Top Court Asks Meghalaya Miners' Families If They Want Bodies To Be Recovered

New Delhi: The Supreme Court sought to know from the relatives of miners, who were trapped in an illegal mine in Meghalaya three months ago, whether they want to recover the bodies which might have been "decomposed" by now.

A total of 15 miners were trapped on December 13 last year in an illegal coal mine at Ksan in East Jaintia Hills district of Meghalaya, about 3.7 km deep inside a forest, when water from the nearby Lytein river gushed into it.

Only two bodies have been recovered from the mine so far.

The top court is hearing a plea which had sought urgent steps for rescuing the miners trapped in the rat-hole mine.

A bench of Justices SA Bobde and SK Kaul told the petitioner to ask the family members of the trapped miners as to whether they want to get the bodies recovered.

"The petitioner is directed to ascertain from the relatives of the deceased if they wish to have the bodies recovered having regard to the fact that they may be already in a completely decomposed condition," the bench said in its order.

The top court also directed Dr Sudhir Kumar, Hydrologist of Roorkee's National Institute of Hydrologist to visit the site and after re-appraisal, submit a report pointing out if pumping of water being done there for de-watering is adequate.

"The hydrologist may also suggest what needs to be done in the future for recovering the bodies," the bench said, and posted the matter for further hearing in first week of April.

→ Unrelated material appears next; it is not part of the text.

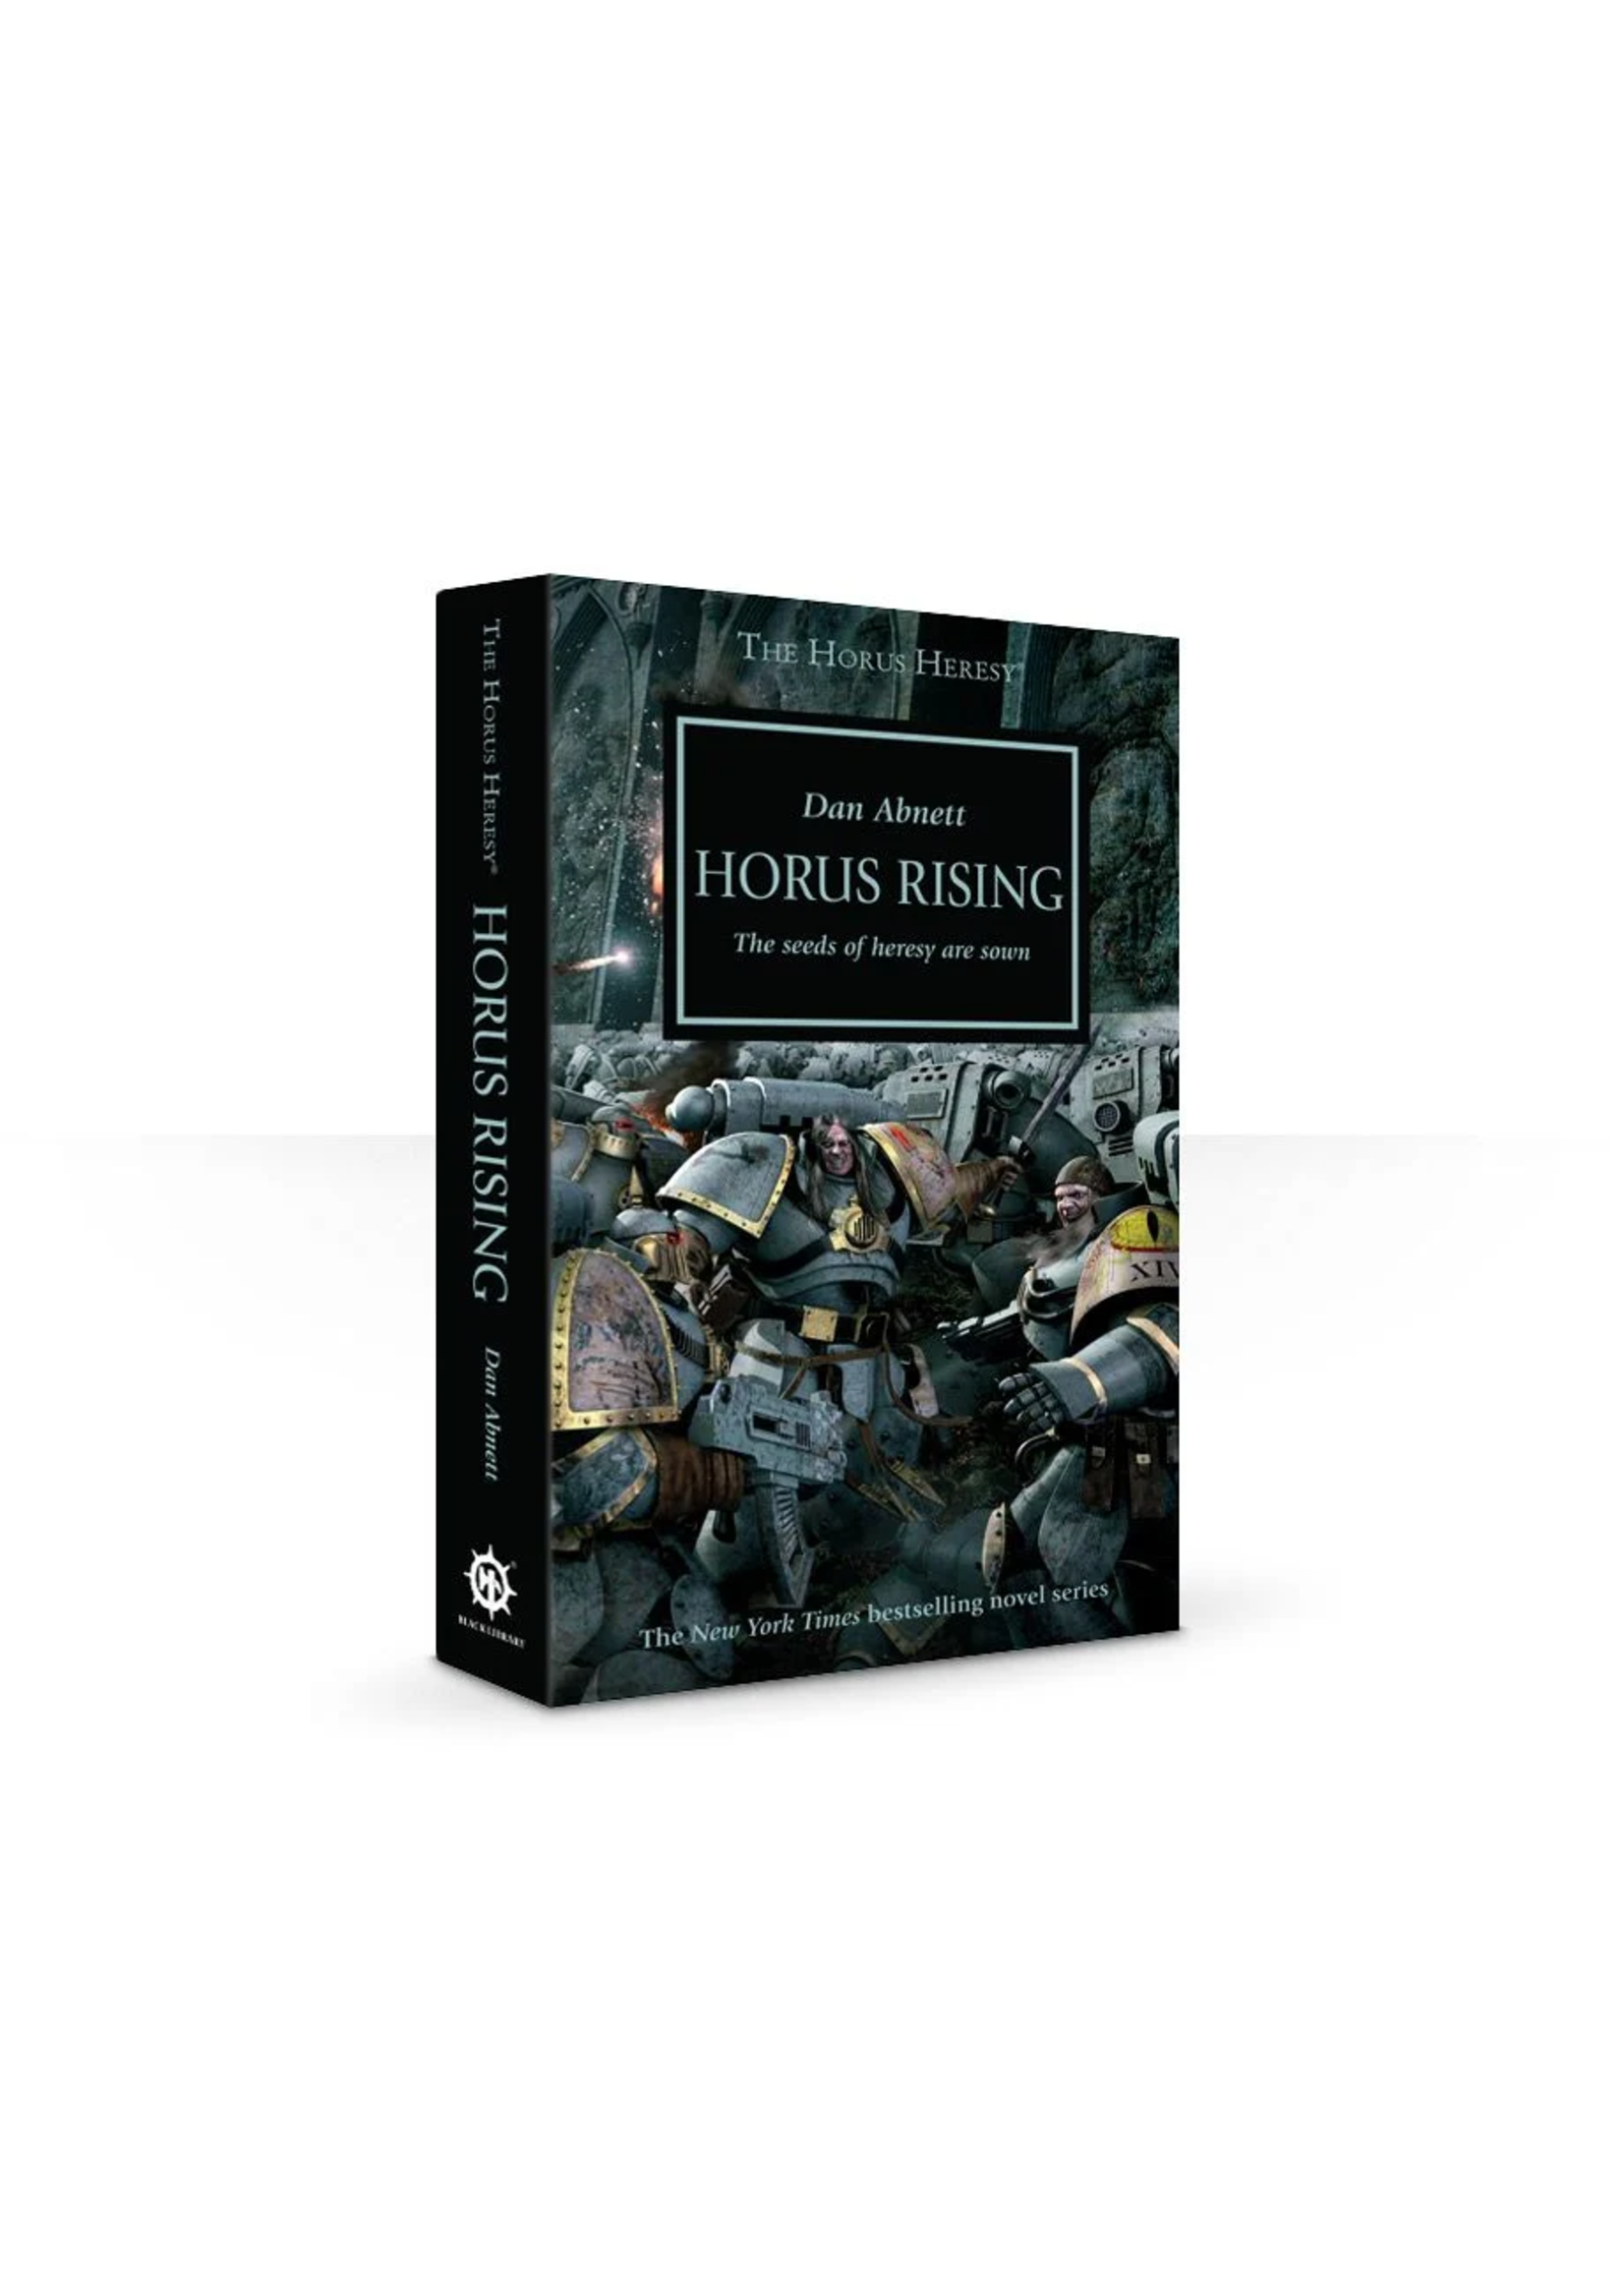 Horus Heresy: Horus Rising (Bl1126)
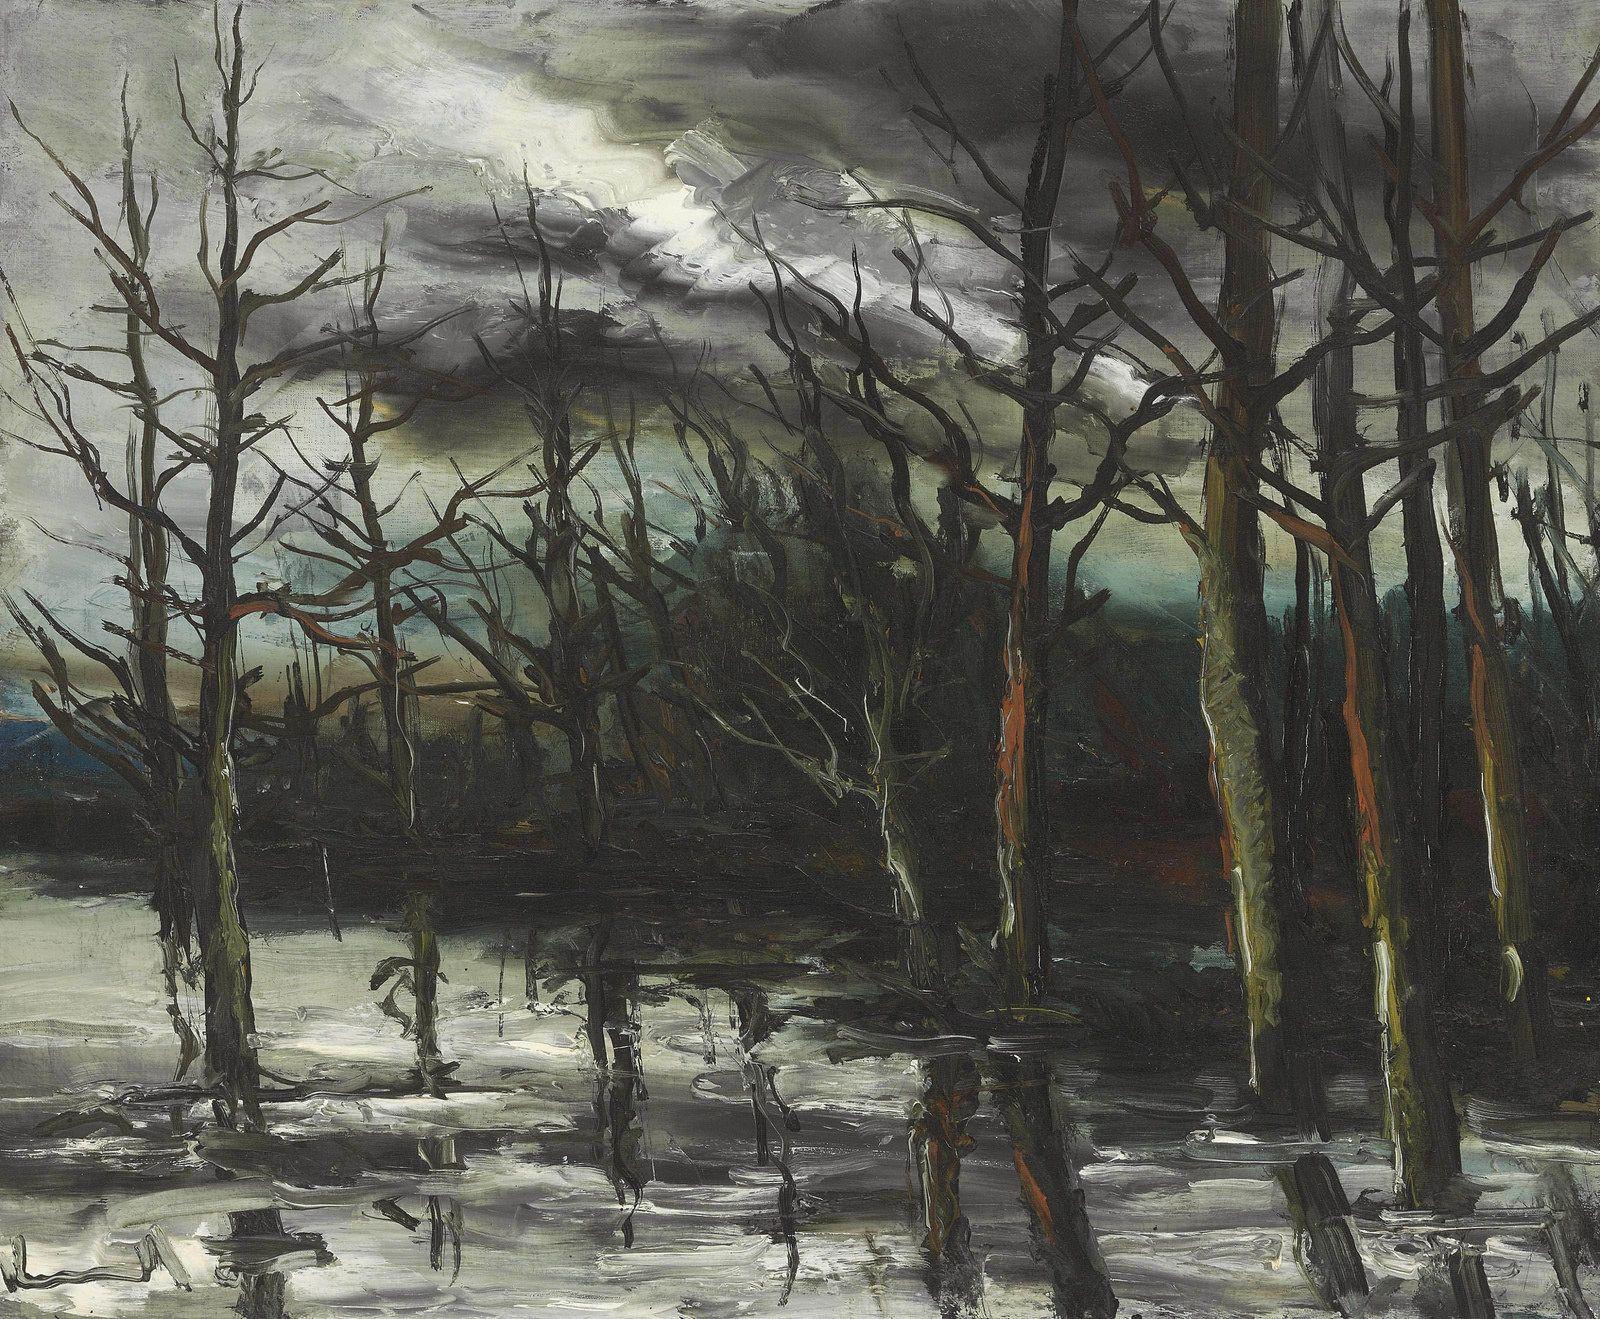 Flood in the Forest. Maurice de Vlaminck

Last month, the court had said high-powered pumps of Kirloskar company be airlifted and installed immediately for de-watering of the mine.

It had also issued a show-cause notice to the mine owner saying it would consider granting compensation to the family members of the victims as prime facie responsibility and liability of the mishap is of the mine owner.

The Meghalaya government had earlier told the court that 11 crore litre of water was pumped out from the mine between February 8 and 16 but water was getting replenished from the nearby river due to the topography there.

Rat-hole mining involves digging of narrow tunnels, usually three-four feet high, for workers to enter and extract coal. The horizontal tunnels are often termed "rat holes" as each just about fits one person.